For the Group 2, the digital images were processed without further changes to their quality with a publishing software (Microsoft Powerpoint) with the radiographs and CT scans on separated files (Fig. 2). First, the radiographs of one patient were shown for about 1 min, then the CT scans were shown.
The observers were subjected to a query where they noted union/non-union for the radiographs and subsequent CT scans. Additionally, the observers were asked whether they judge the non-union, if present, to be ‘stable’. If the observer decided for a non-union he was asked whether this decision was related to the presence of a ‘dislocation or angulation’, a detected lysis zone, a gap, or lucency.
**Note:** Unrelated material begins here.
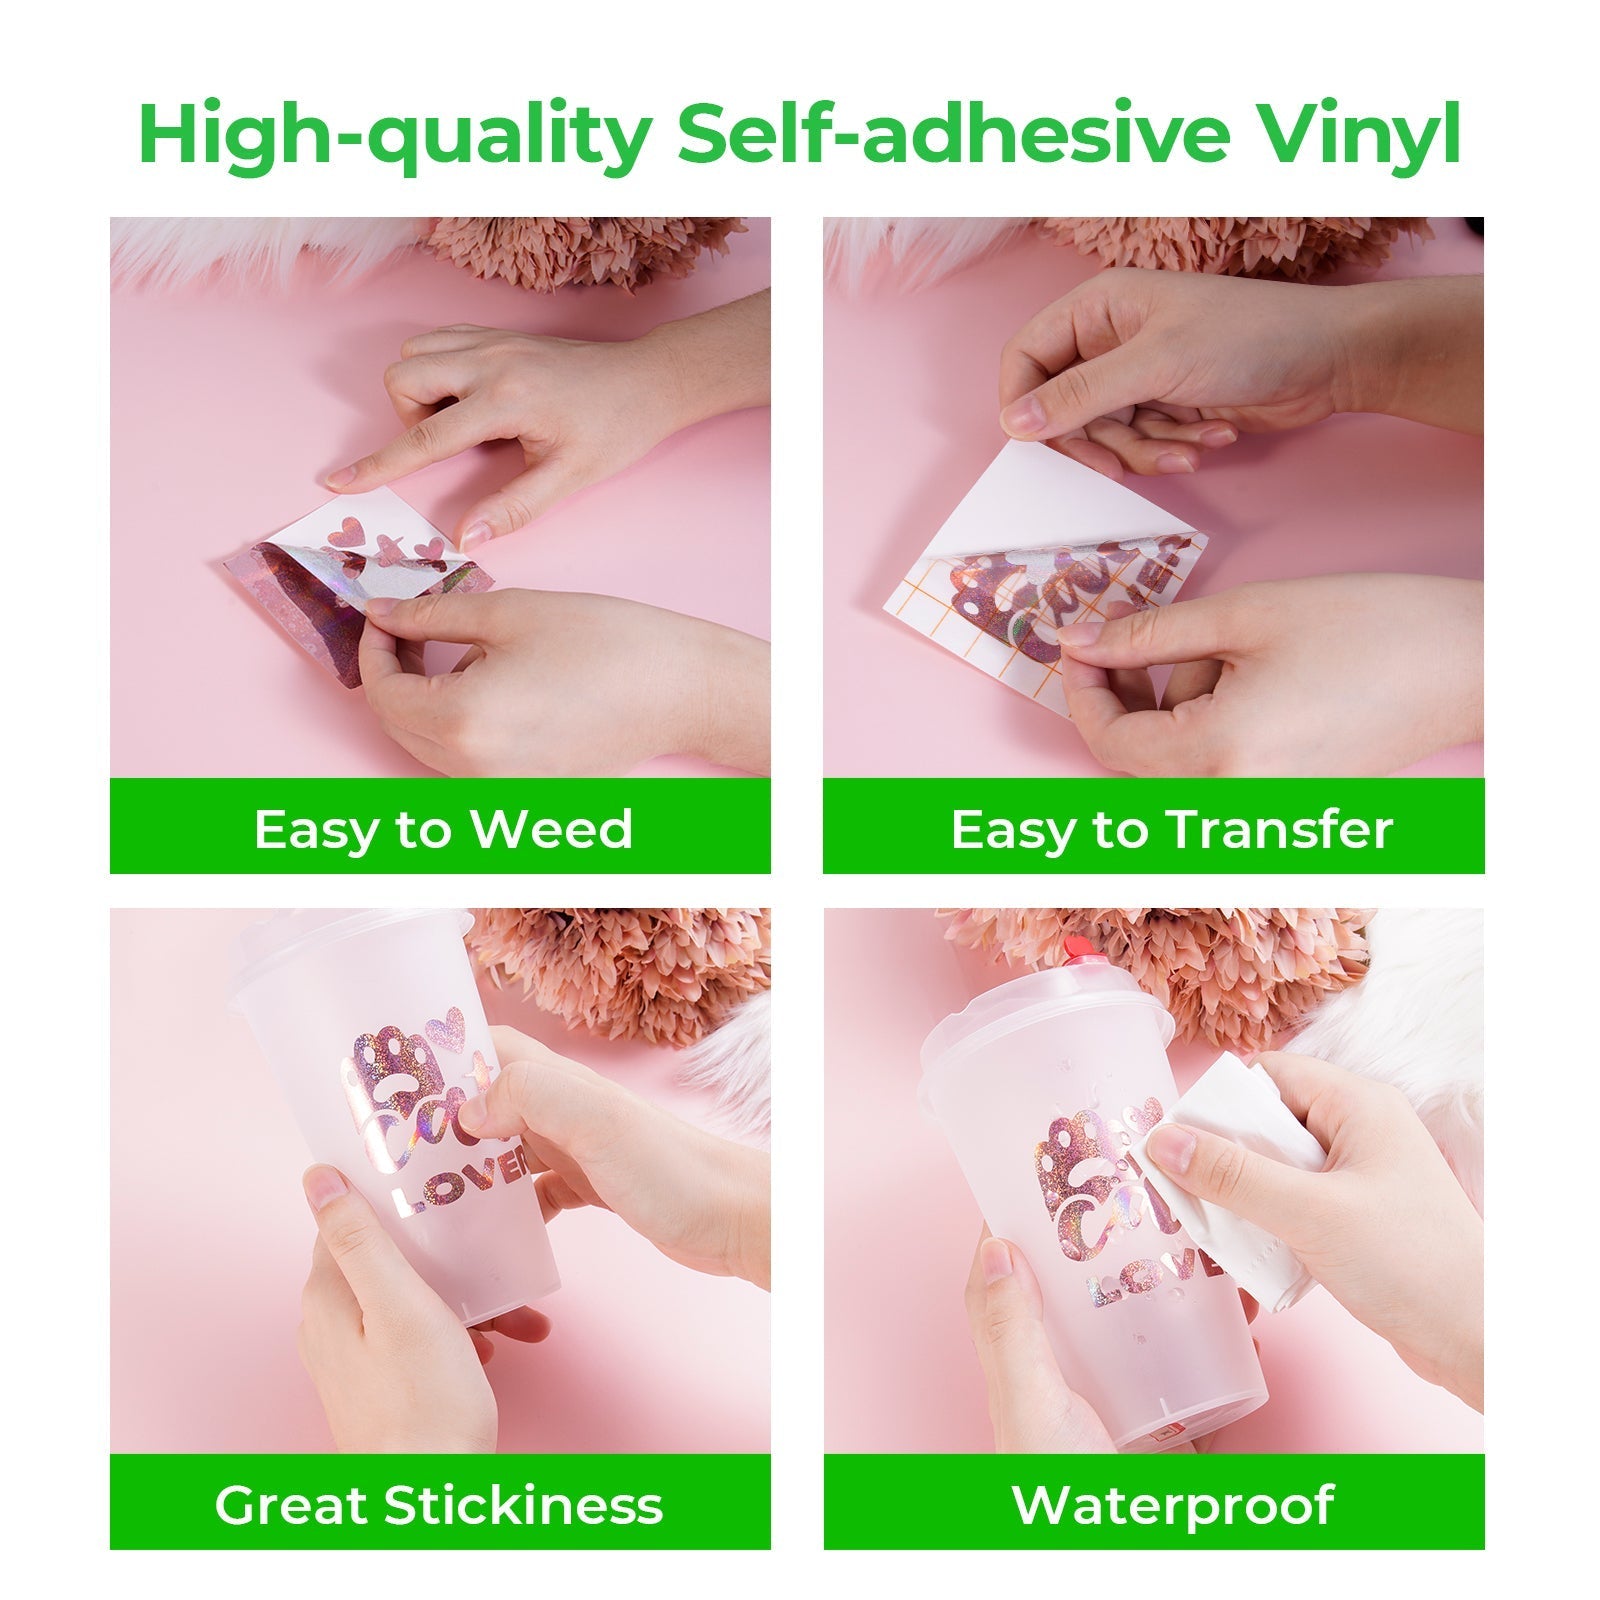 Free Self-adhesive Vinyl Kit (80pcs)

We noted if the observers changed their opinion regarding the presence of a stable or unstable odontoid non-union on the biplanar radiographs based on re-evaluation of the non-union by the subsequent CT scans.
Statistical analysis
Statistical analyses included descriptive statistics such as means, standard deviations, and cross-tabulation tables. Independent two-sided Student t-test was used for hypothesis testing. A P value less than 5% was considered to indicate a statistically significant effect. To measure the performance of the binary classification tests (fusion detected: yes/no), the following computations were made: (1) the number of observers with fusion-positive results for each patient was computed separately for biplanar radiographs and CT scans and illustrated in histograms, (2) overall agreement: For each patient, the proportion of all raters in agreement between biplanar radiographs and CT scans were computed for each patient (e.g., 100% agreement was achieved if 18 out of 18 raters agreed), and (3) With the CT scans considered to be the standard of reference we calculated sensitivities and specificities levels:
Specificity: The probability (%) of detection of a non-union on radiographs if there is no fusion (in CT scans).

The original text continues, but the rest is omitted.